There's also the reason of Nazis thinking slavs needed to be cleansed from the earth just like jews.

It's the same reason americans strangely had a ton more Japanese PoW deaths than german PoW deaths.


EvilHomer - 2015-06-05

Well, yes and no, SolRo. The Nazis certainly had a very dim view of Slavs, but the original intention was simply to deport and/or enslave them. As with the Jews, the Nazi policy of extermination came about gradually and organically, as a consequence of their worsening military situation. The more their world was falling apart, both on the front and back at home, the more desperate and inclined towards barbarity the Germans became, for reasons both psychological and practical.

The Germans' point of view may be easier to understand if one considers it's direct parallel: the way that the Russians themselves treated their prisoners. The Russians were, after all, pretty notorious for their treatment of Germans, civilian and POW, before and after the war. Eastern Europe suffered more under the Red Army than it did under the Nazis, and German POWs (almost three million of whom wound up in Soviet concentration camps) had an initial death rate of over 60%! The main reason for this Soviet barbarity was a combination of anger and utilitarian need - the Russians were locked in a life-or-death struggle. They were furious, desperate, and frankly didn't have the resources necessary to care for the Germans whom they'd enslaved, even if they'd wanted to. When the Soviets rolled into Poland and Eastern Germany, raping and pillaging and carrying on like savages, it was because *the absolute brutality of their war* had turned them into savages - a crashing wave of thirty million men, all fueled by PTSD. It wasn't because the Soviets had been plotting to devastate Eastern Europe all along; sitting in their little ice-bound homes since the death of Lenin, dreaming of how they could one day outshine even the Nazis, and wear the mantle of history's most prolific mass-murderers.

I mean, that IS what happened, yes sure, but my point is that it happened organically, the coldly logically result of an ever-growing spiral of horror. The Russians may have been monsters, but they were *believable* monsters.


EvilHomer - 2015-06-05

(Well, mostly believable. The pre-war Red Army purges and the Soviet mistreatment / outright murder of their own veterans was pretty fucked up, but to understand that you have to dive balls deep into the bizarre world of Stalin and collectivism, getting us really off-topic.)

Anyway, you make the following statement:

>> It's the same reason americans strangely had a ton more Japanese PoW deaths than german PoW deaths.

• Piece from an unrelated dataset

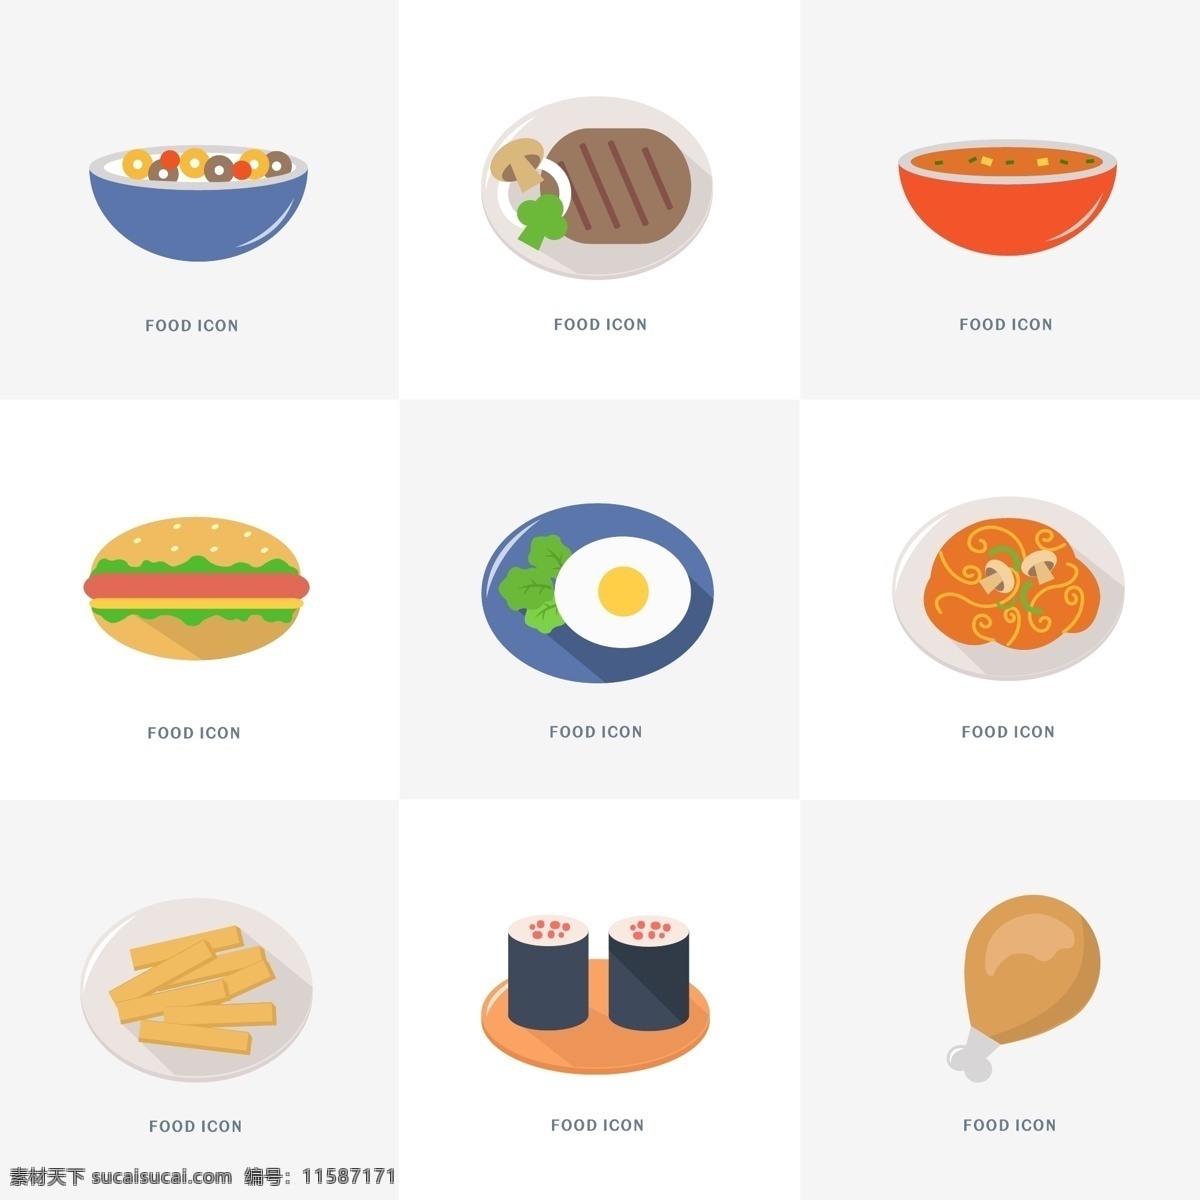 矢量 食物 图标 食物图标 蔬菜图标 寿司图标

Do you have any statistics or sources to support this claim? Fewer than fifty-thousand Japanese soldiers were captured by Allied forces during the war, and while higher death rates for Japanese POWs certainly sounds like a believable claim, one clearly has to ask: precisely to what extent are we talking here?

Does "a ton" mean fifty percent? Five percent? A whole twenty dudes, as opposed to none? Qualify this statement, please.


godot - 2015-06-05

The vast majority of Japanese surrenders went to Australia and New Zealand camps, and as far as I can tell, besides the Featherston (NZ) prisoner of war camp riot in February 1943, there isn't much evidence of large-scale infractions against Japan POWs.


SolRo - 2015-06-06

They had a tendency to trip and fall on bullets before they made it to any camps, those blind slit-eyed chinks I-tell-ya-what.


EvilHomer - 2015-06-06

Again, SolRo, I have to ask you to please provide sources! Assuming, of course, there are any sources at all; as Godot points out, "there isn't much evidence of large-scale infractions against Japan POWs".


EvilHomer - 2015-06-06

... for example, StanleyPain made a rather dramatic claim about Soviet POWs being murdered upon their return home. This initially sounded fantastic to me, but as it turns out, it's true! Here is a source:

https://en.wikipedia.org/wiki/German_mistreatment_of_Soviet_pr isoners_of_war#Soviet_repressions_against_former_prisoners_of_war< br />

Now, y̲o̲u̲ provide a source, please. Or concede your error.